One of the most helpful things to me was developing an emotion/reactivity scale. The range for mine goes from zen/mindfulness through good; dysregulated, distress to crisis. I check in with myself at least every hour and ask myself where am I? how am I doing? In the past I didn’t notice until I was in distress, and by then it was too late. I didn’t feel myself ramp up, or I never got myself back to baseline in between periods of stress.
Do you ever find yourself with your shirt or pant legs up, just scratching away, until you bleed and don’t remember how the itch even started? Catching it earlier before you get to that point is important and it’s the same with your mood. I have a list of go-to activities for each stage. I even have a cheat sheet and signs of each stage on my fridge for my family so that they can help.
Sometimes you just need something quick to stop your spiraling or break up the slide into a bad space. And sometimes, especially if you are dysregulated or distressed you need a prompt from those around you. It’s like a reboot.
Since Covid-19 started, I have done a lot of walking. My therapist gave me the trick to pick a color and to identify as many things on the walk as you can with that color and write them down at the end.
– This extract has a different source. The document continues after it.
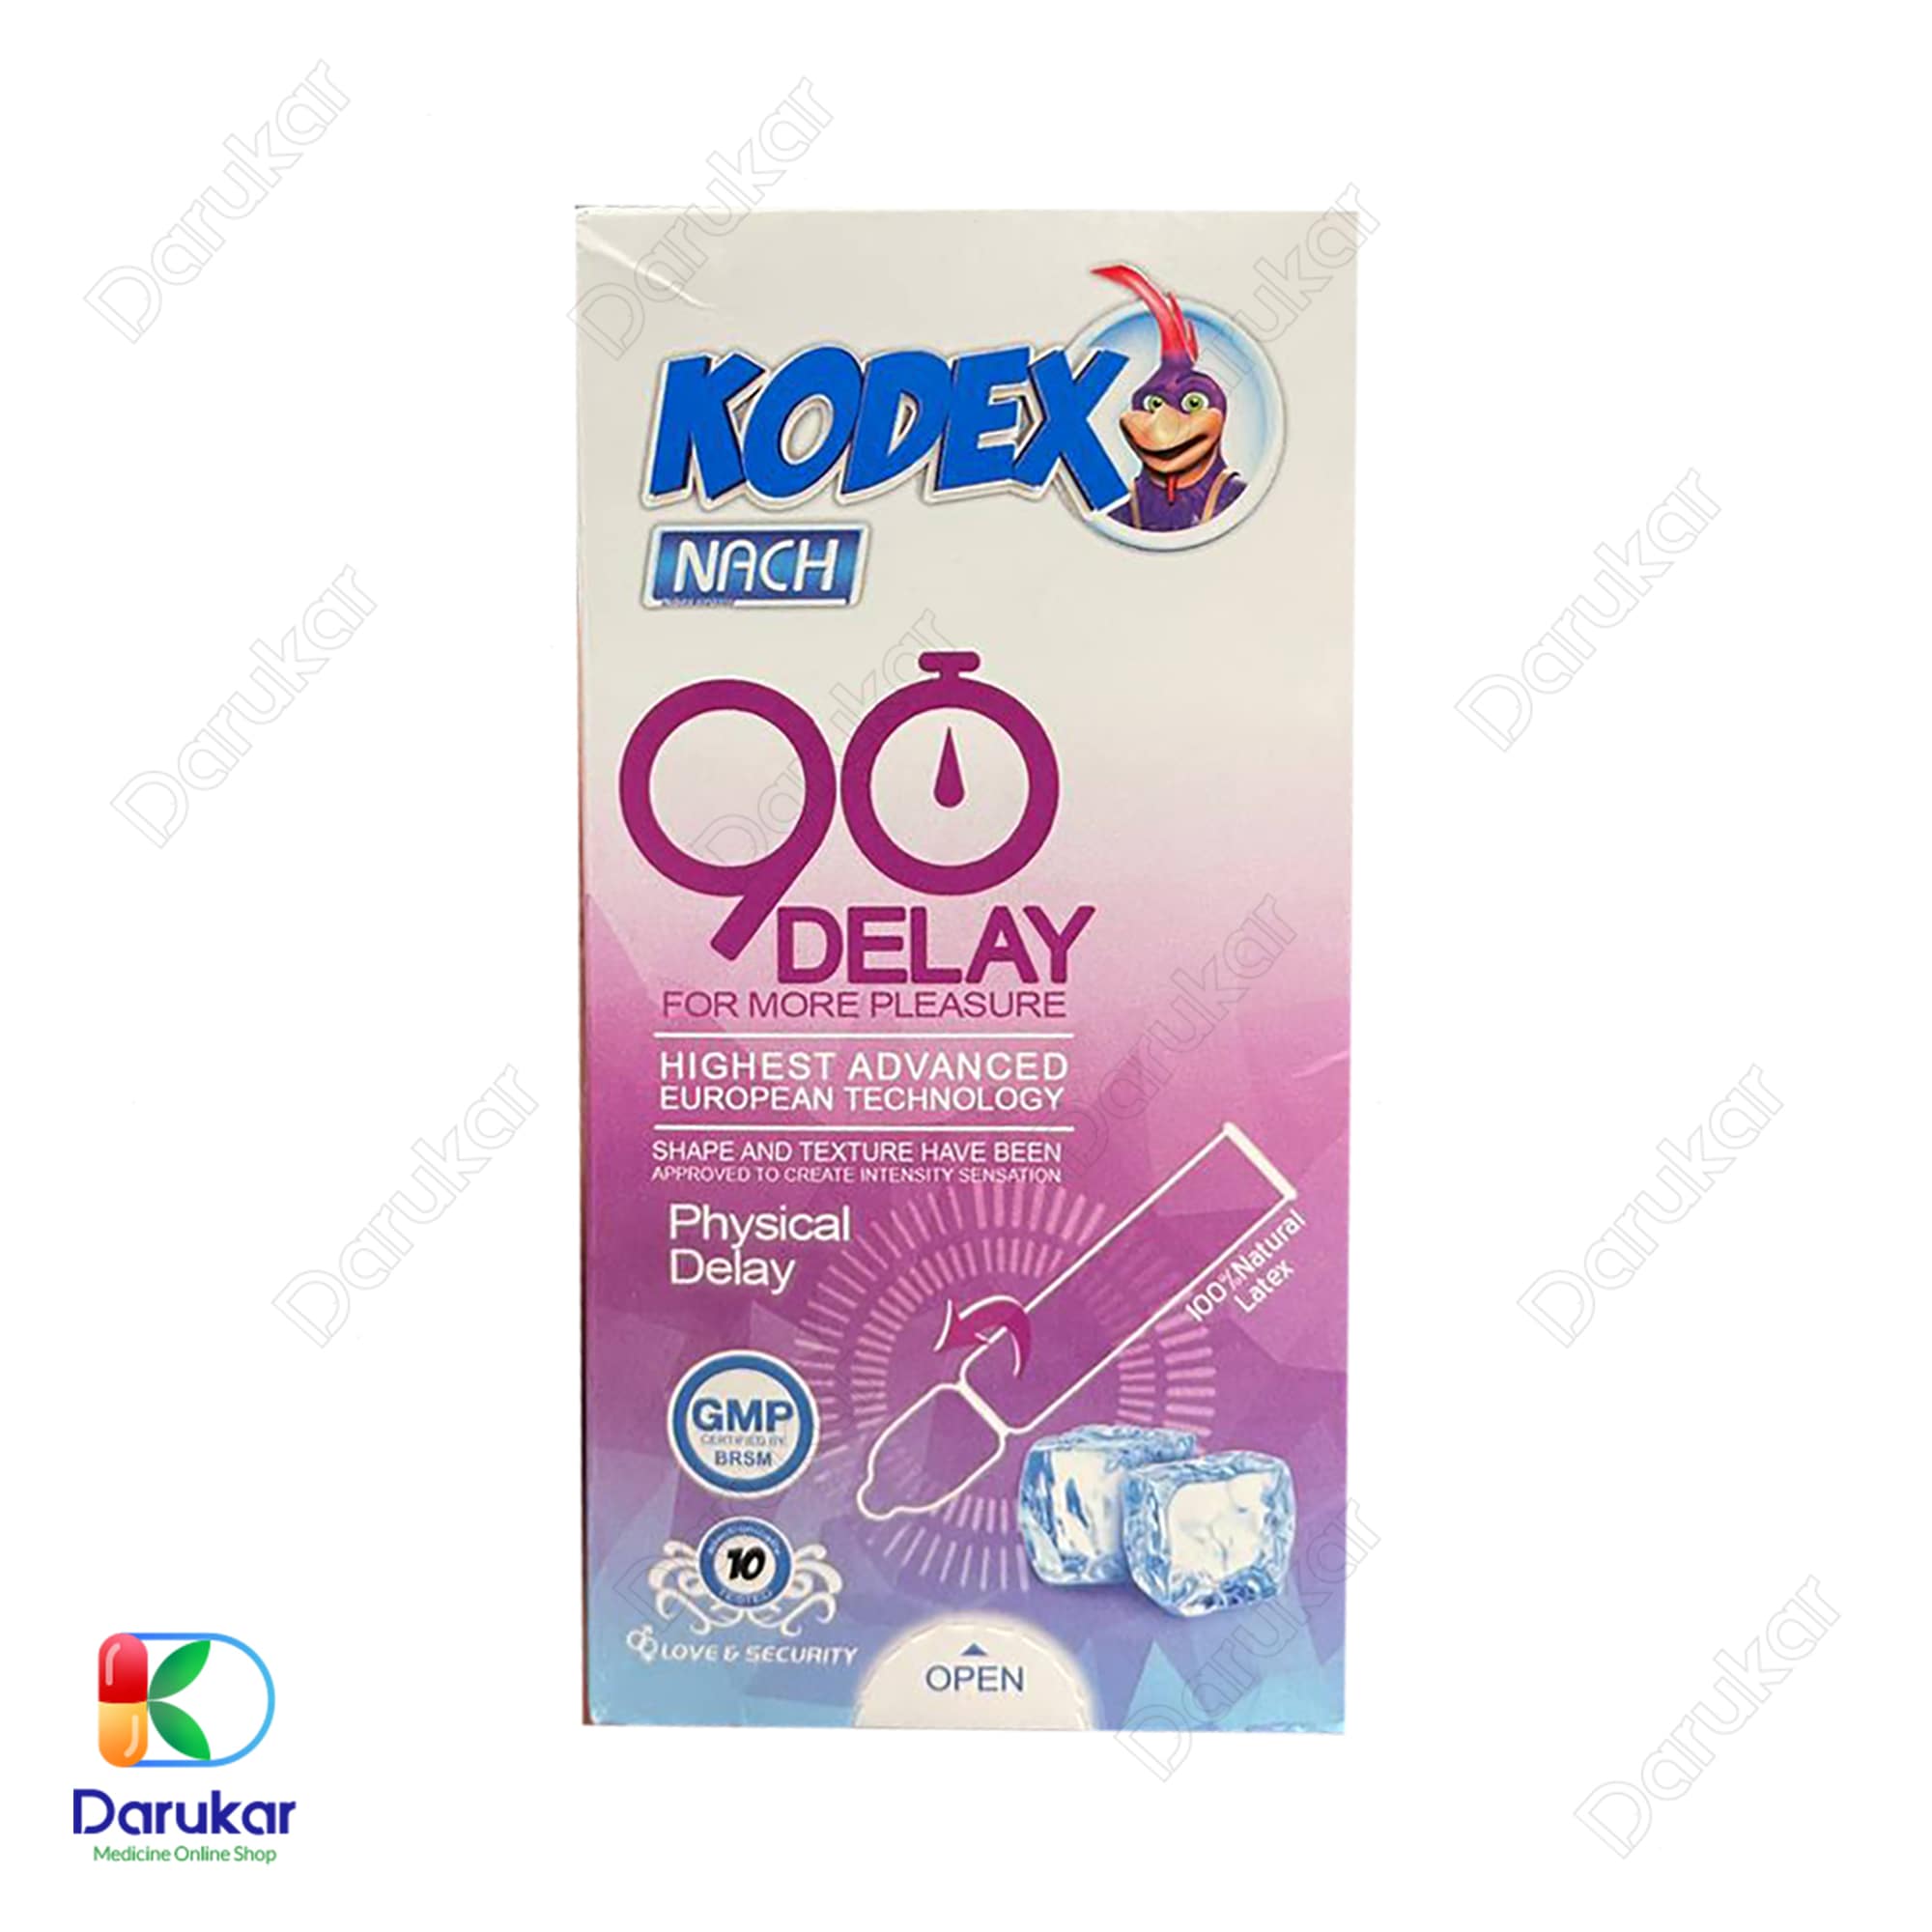 Kodex 90 Delay Condoms 10 Pcs 2

The act of walking and that activity stops your brain from spiraling and enables you to be in the moment. Another one she taught me is something I call “5, 4, 3, 2, 1,” which activates all your senses: name five things you can see, four things you can hear, three things you can smell, et cetera. and then tell someone at the end of the walk.
There are so many different types of mindfulness and meditation and, like creams and medication, you must find the one that works for you. With eczema, I avoid body scan meditation – I need to ground myself in my environment vs my body, otherwise I start noticing my eczema and get itchy and get more anxious.
It took the Covid-19 pandemic and a severe illness to force me to stop and identify what a mental health baseline of calm actually looks like – stripping away all those distractions and old coping mechanisms.
These days, I’m working on anything I can do to help my body – whether that’s probiotics, good sleep, eating right for hormone and thyroid stability, mindfulness and meditation. But I am also reaching out to others so that they can learn from my journey and also start to understand that your eczema isn’t just about the surface allergen reduction and creams.
For too many years, dermatologists have told us to just put cream on as the answer to eczema, but now there is so much research and investigation into all the new aspects – healing your gut, healing your hormones, healing your mind, and healing your whole body. Your care team is more than your dermatologist now – it’s a therapist, an acupuncturist, an ob-gyn, an allergist, a gastroenterologist and so many more. It’s also important that you get a regular baseline set of bloodwork for vitamin/mineral levels, hormones, gut, immunology, thyroid – all of which can affect your eczema.
There is the possibility of healing for your body and emotional wellbeing: the right combination of things can help reduce your symptoms – you just have to figure out the right balance.
If you’re newly diagnosed, and new to this whole journey with eczema, let me just tell you: hang in there. You are not alone. You can do this.